◆ SUPPLIED DATA
-*-*-

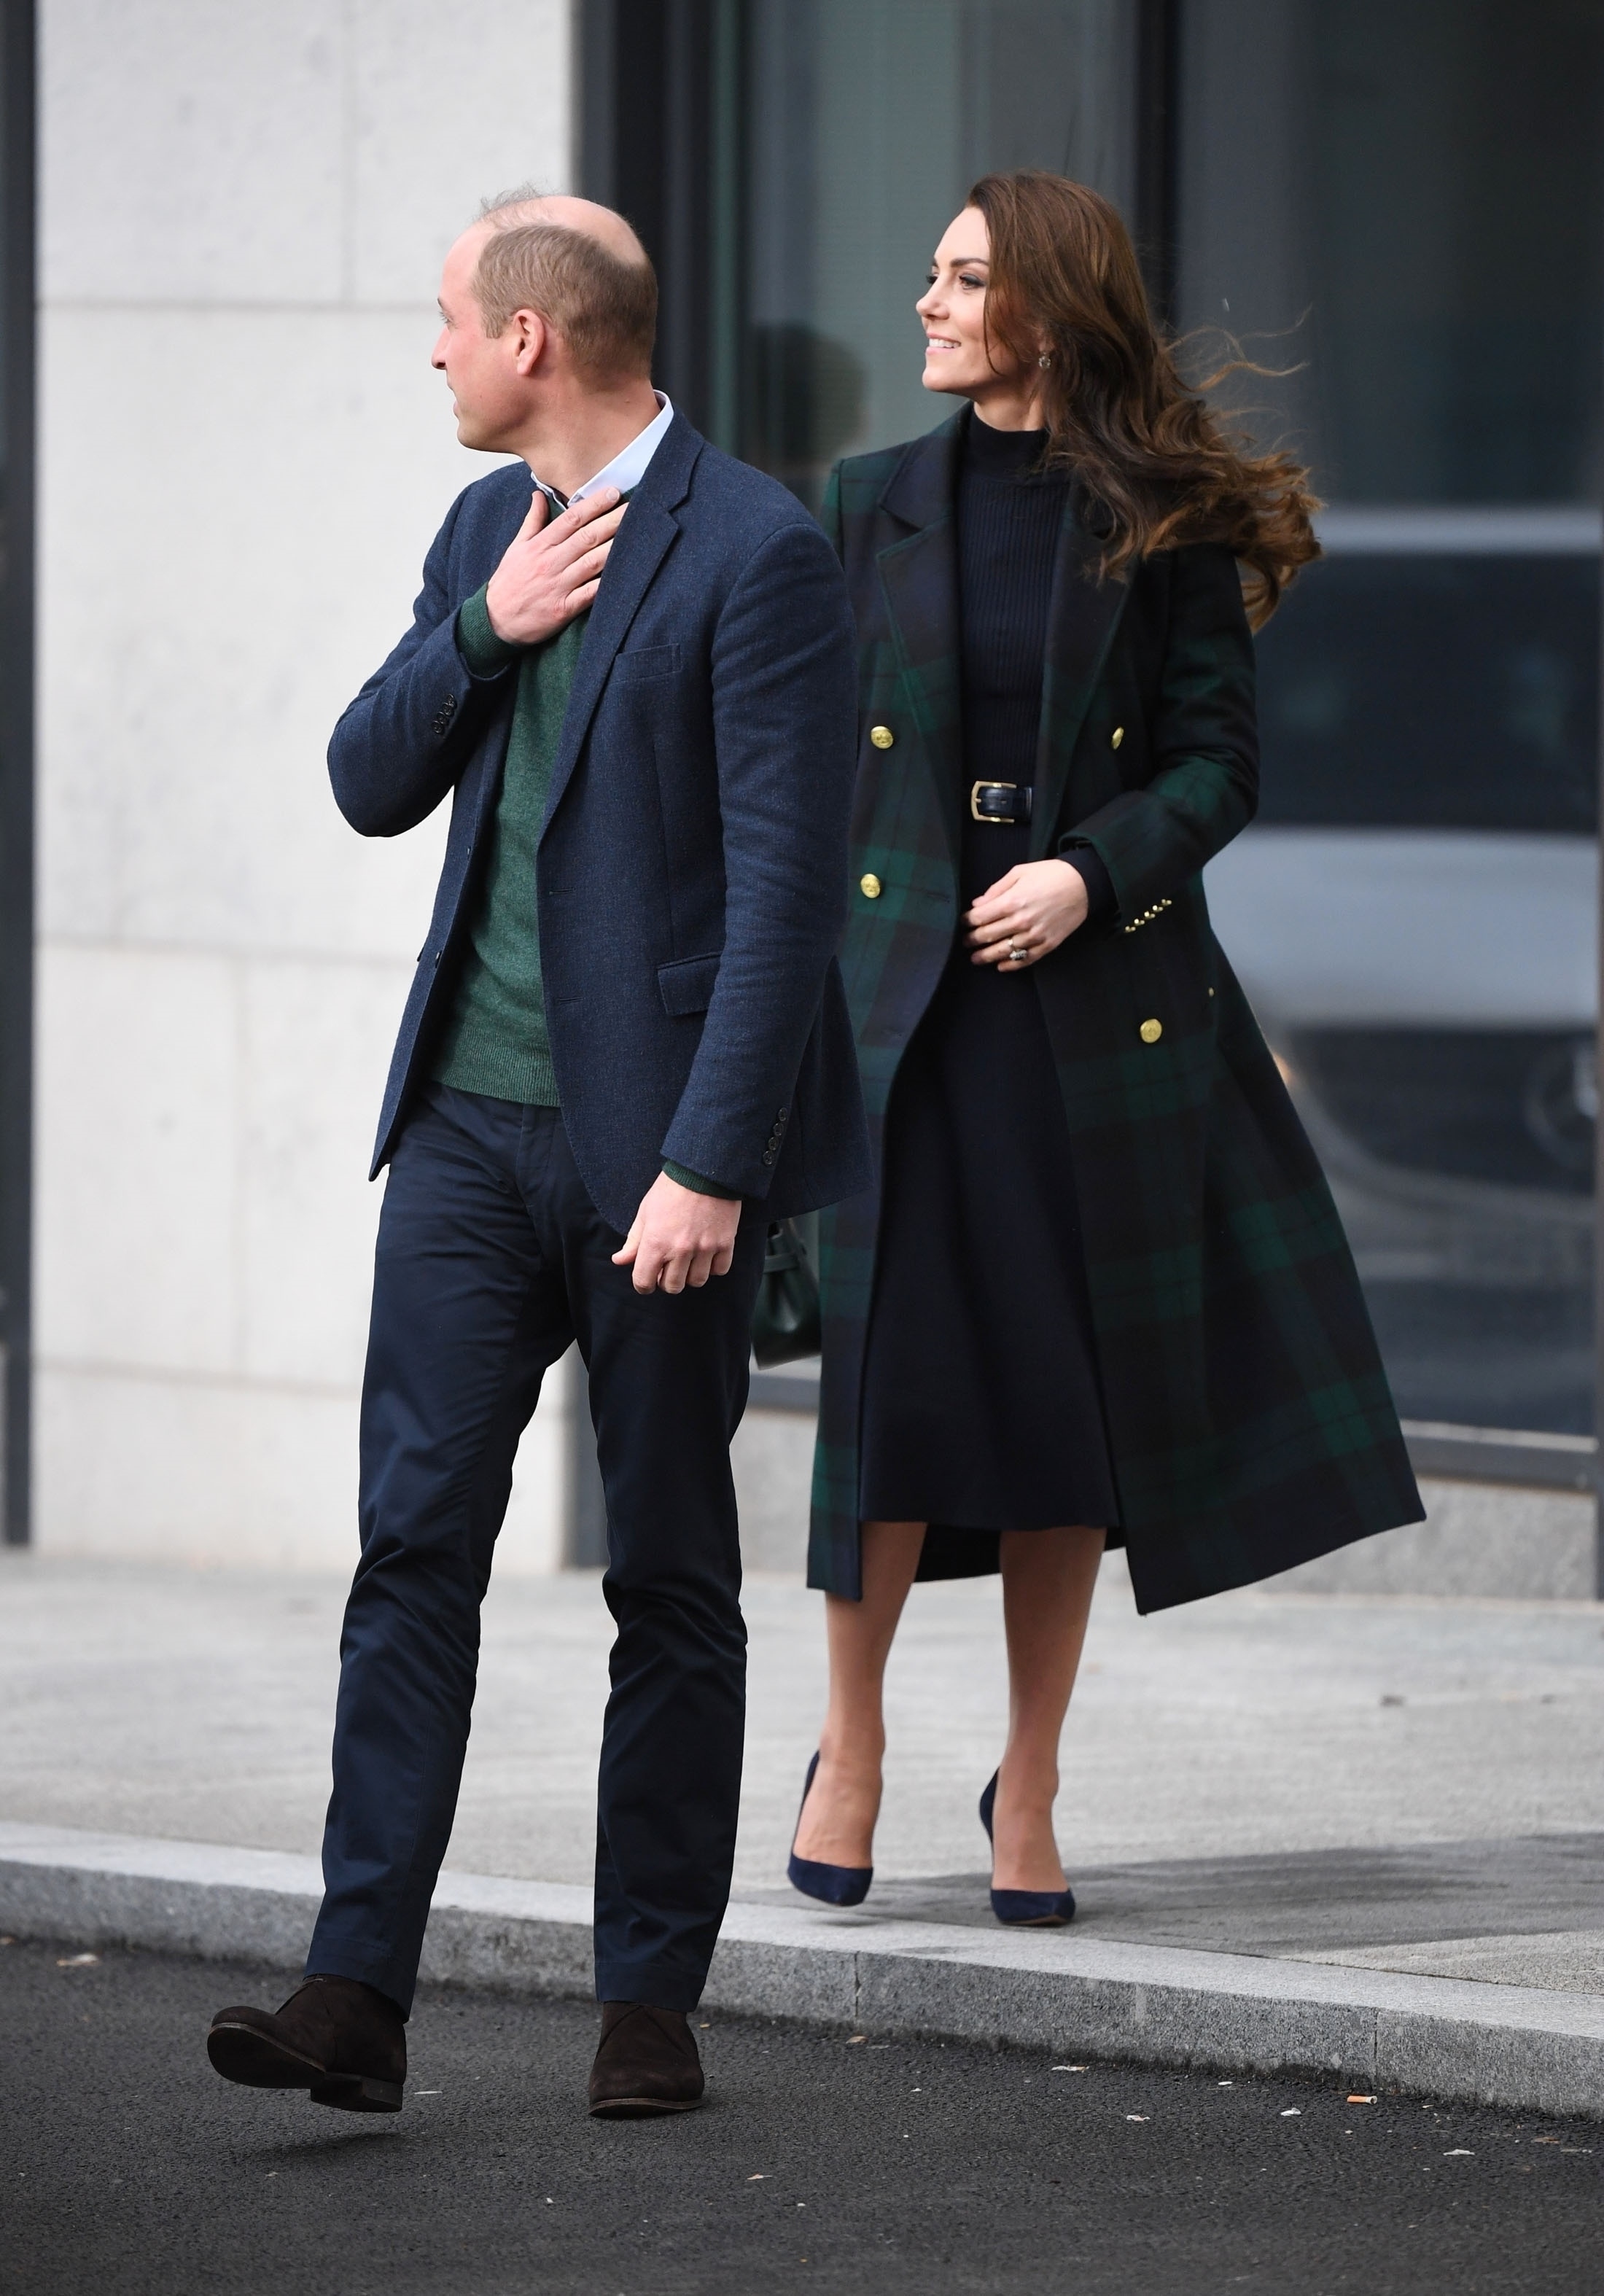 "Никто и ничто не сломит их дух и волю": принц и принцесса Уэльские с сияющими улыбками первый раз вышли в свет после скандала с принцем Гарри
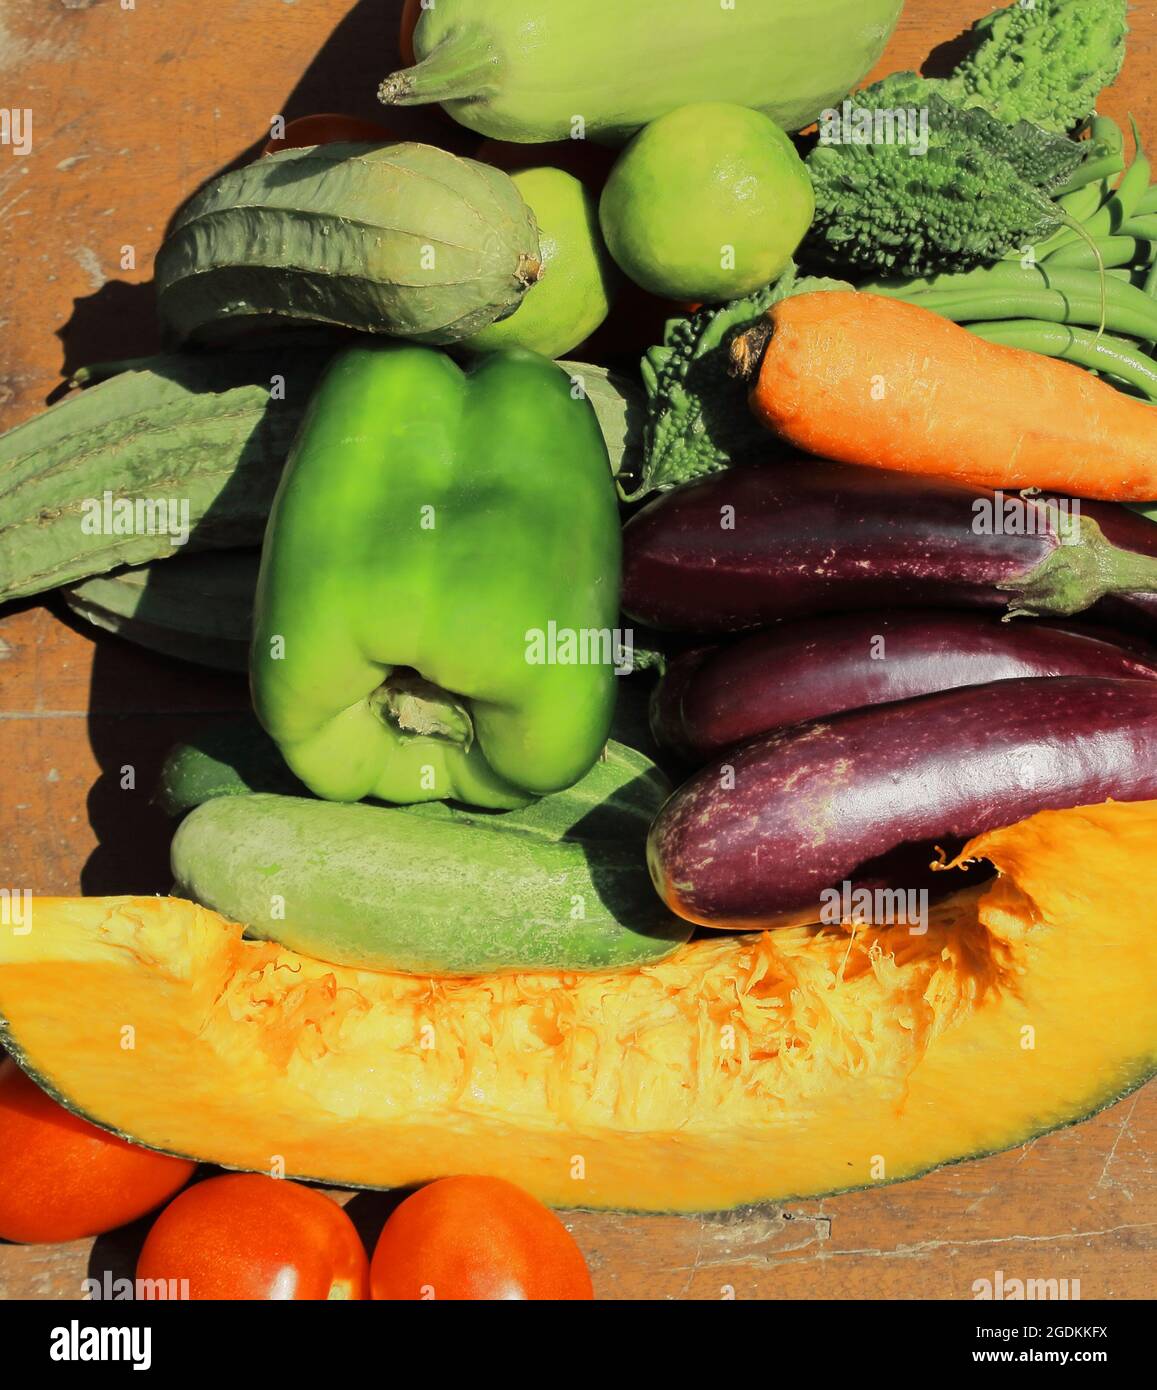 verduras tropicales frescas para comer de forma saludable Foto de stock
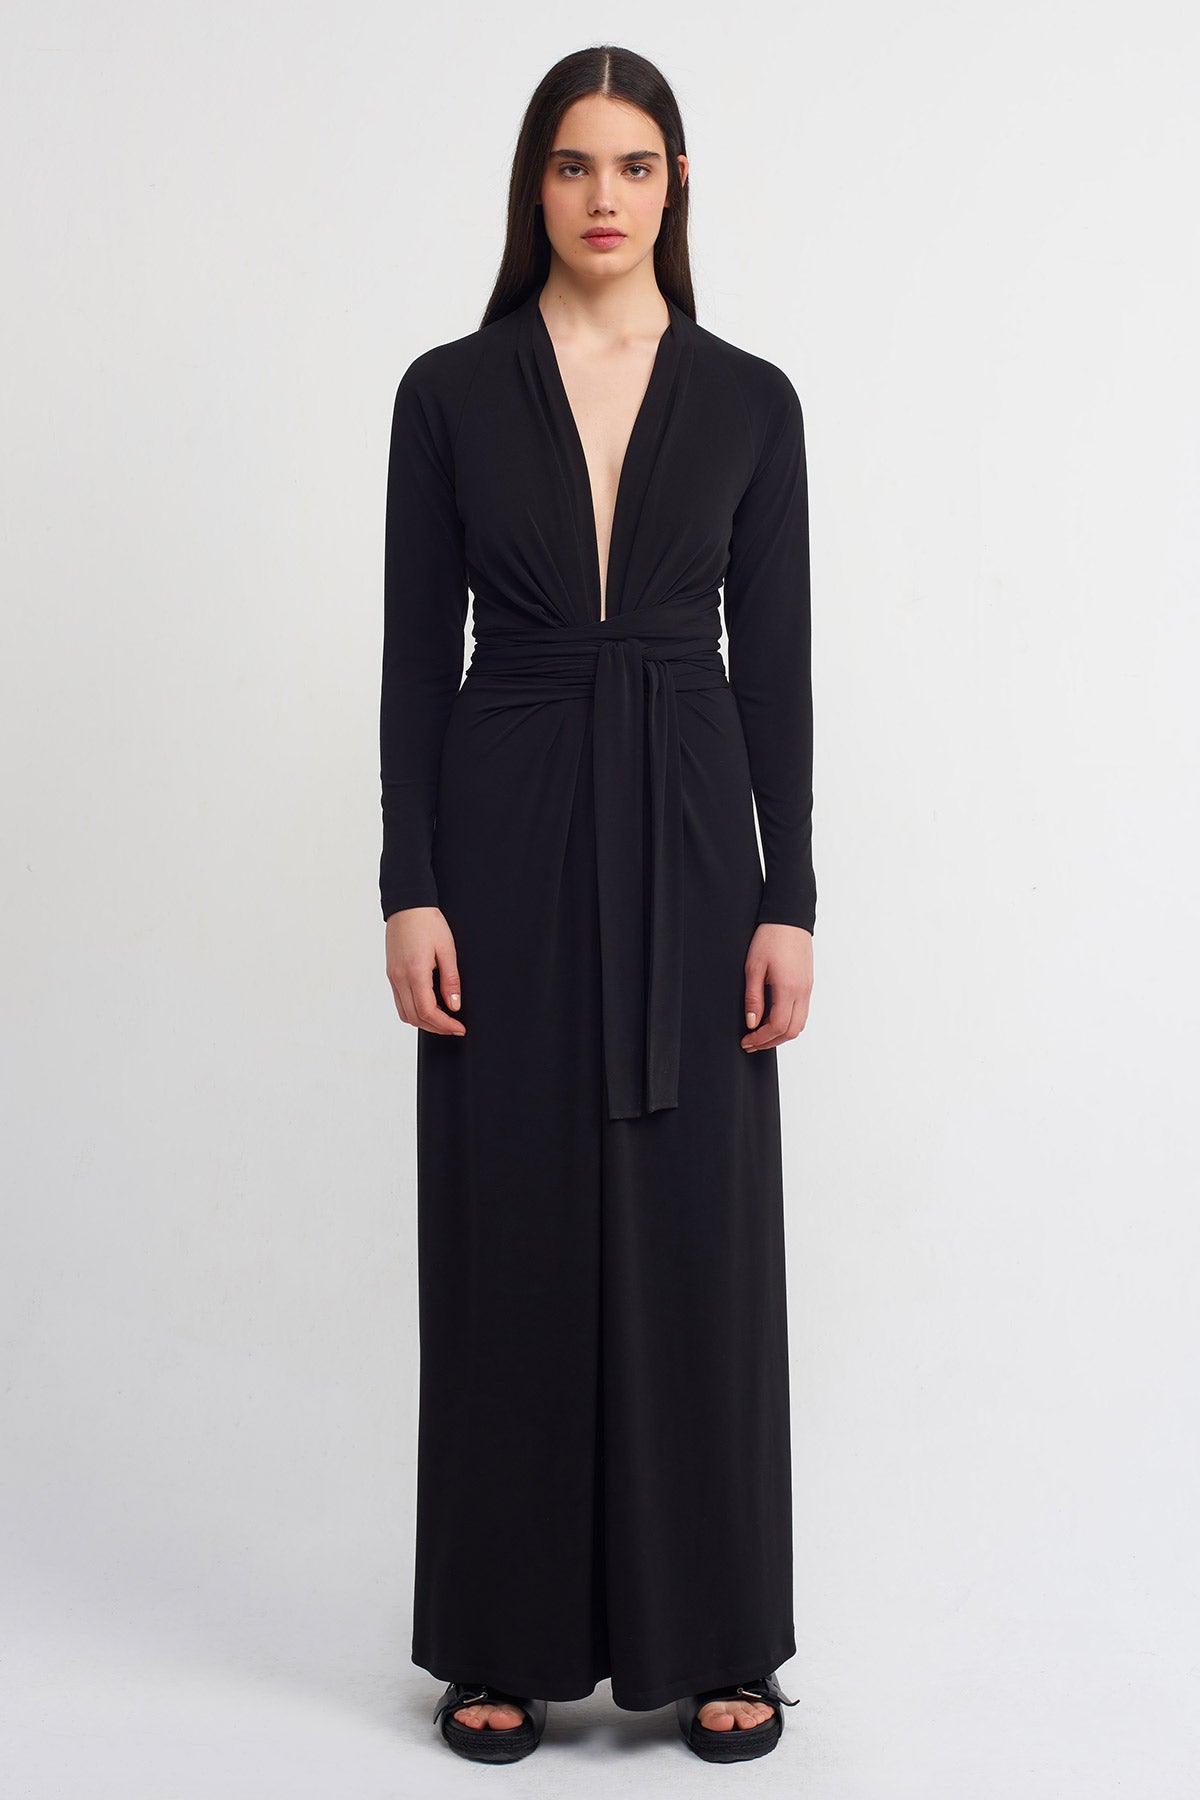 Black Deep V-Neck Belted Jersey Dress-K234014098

-*-*-

◆ WHAT IS REQUIRED
The answer must repeat every line of the listing exactly and leave the pictures out.

◆ SOLUTION
 "Никто и ничто не сломит их дух и волю": принц и принцесса Уэльские с сияющими улыбками первый раз вышли в свет после скандала с принцем Гарри
 verduras tropicales frescas para comer de forma saludable Foto de stock
 Black Deep V-Neck Belted Jersey Dress-K234014098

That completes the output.